In a wider sense, business development can encompass looking at and reforming other activities across the whole organization that include marketing, sales, distribution, product creation and management, operating facilities and logistics, security services, project management, supply chain and supplier management, internal systems and processes, customer service, negotiations and lobbying, record keeping, cost-cutting measures, acquiring funds and human talent development. The reason for this wider approach is that all these across the board activities are complimentary and come together to bring business development activities to fruition.
Let us now look at each of the possible growth methods in some detail.
The expansion involves enlarging the business by organic means where product lines are added, production facilities are expanded, sales are boosted, market share is increased, branches are added, delivery systems are expanded, processing systems are improved, sales outlets are added and so on. Such an expansion aims to boost sales, profit and the value of the business in general. Some ways through which a business can be expanded include:
i) Horizontal and Vertical Integration
Horizontal integration involves merging or acquiring another business in the same level of production in the value addition chain in the same industry to share strengths and mitigate weaknesses or even to create synergies. Vertical integration can involve buying or merging with a business that makes your inputs or one that distributes your products.
ii) Scaling up
Scalability in business is the business’s potential to be expanded to accommodate desired growth and generate more sales and profit without constraints. It is the capacity to operate at any scale without being constrained by space, infrastructure, resources or ability. If a business currently delivers Y amount of goods using Z amount of resources and it has potential to deliver 2Y amount of goods using same Z resources or slightly more (say 1.2Z), then such a business is scalable. If the business would need 2Z resources or more to deliver a 2Y amount of goods, then the business is not amenable to economical scalability.
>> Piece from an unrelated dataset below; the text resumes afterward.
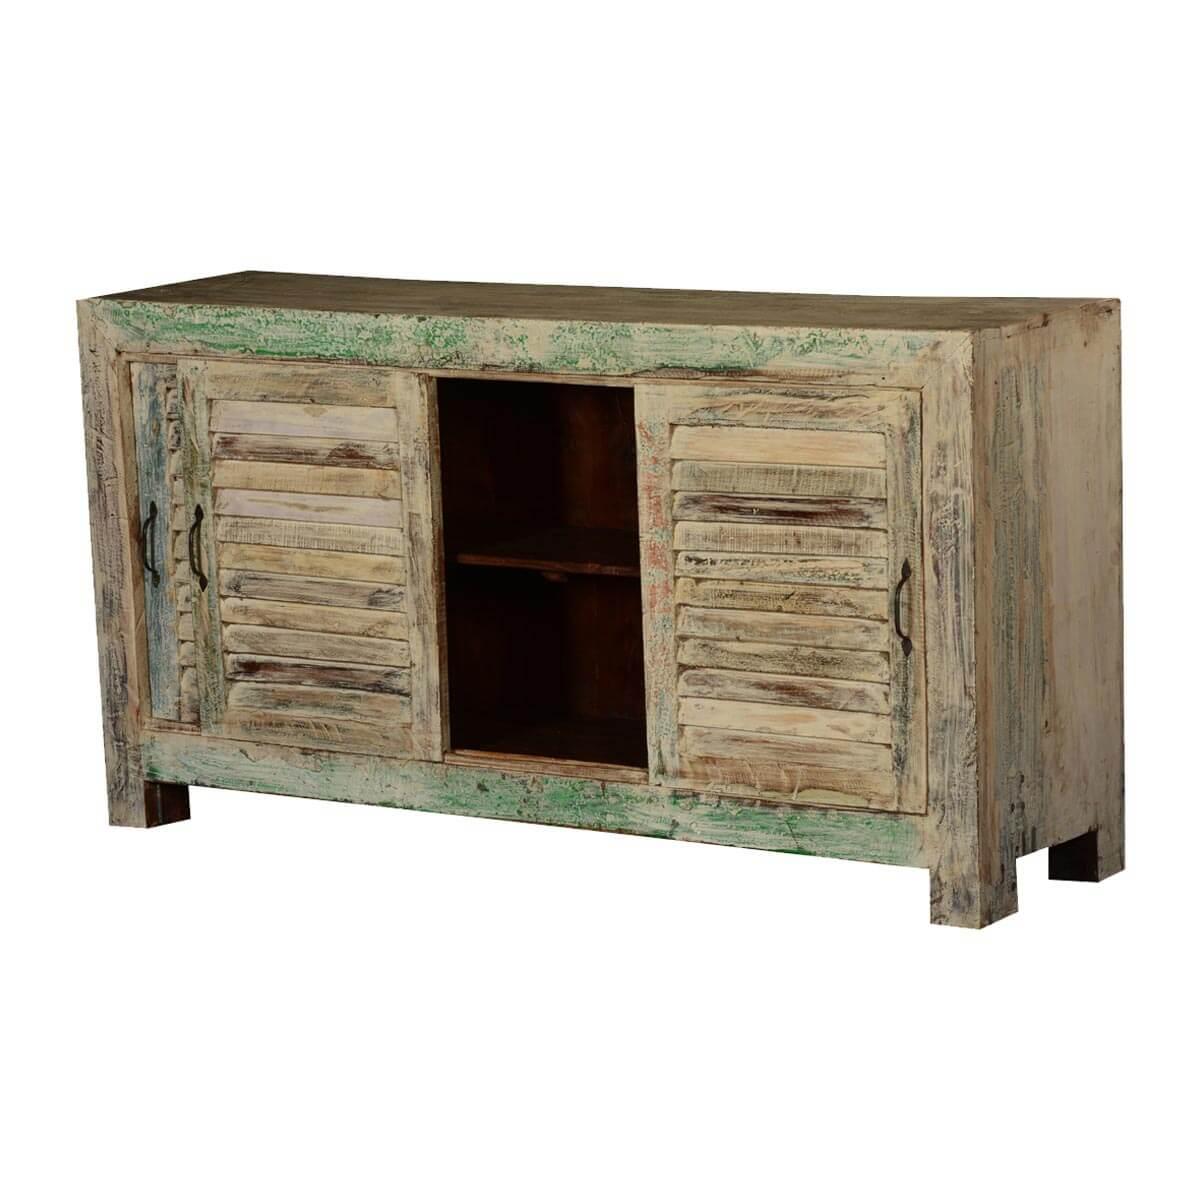 Winter White Rustic Reclaimed Wood Sliding Door Buffet Cabinet
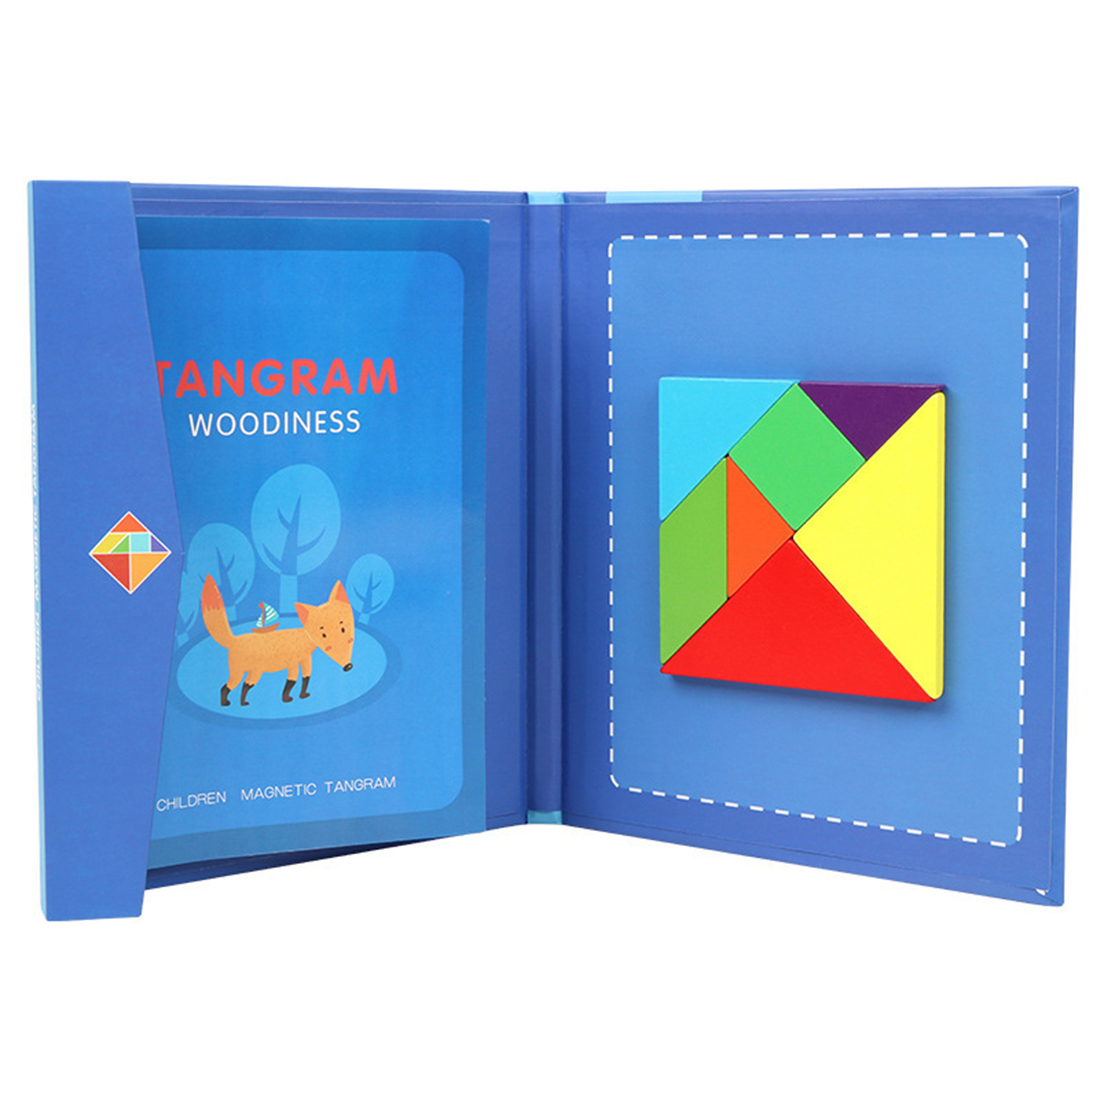 Children Wooden Magnetic Tangram Travel Game Educational Book For Kids Over 3 Age

This is the ability to reproduce something like a book quickly, reliably and inexpensively and distribute it across regions. Scaling and duplicating are two business concepts that appear the same but have slight meanings. Scaling up, for example, is where you make small adjustments to operations like the factory to more than double the output that can all be sold in an expanded market. Duplication, on the other hand, is about replicating the same operation in another or more locations. Duplication and multiplication more or less mean the same thing.
Licensing and Franchising
Licensing and franchising are other ways of growing a business. Licensing is a business pact in which one business allows another business authorization to use, for example, its patents, trademarks, copyrights, designs, logos, and other intellectual property to manufacture its product for a specified payment.
A franchise is fail-safe and repeatable operating systems for making products or selling products or services that are leased to others to operate and pay fees and royalties. The concept involves developing a tested and working business model that can be rolled out anywhere by anybody. The main difference between a franchise and a license is the level of support the franchisee gets from a franchise. A franchise provides a tested and fool-proof model and guidance in site selection and on-going training and marketing support. A license usually provides nothing more beyond intellectual property rights.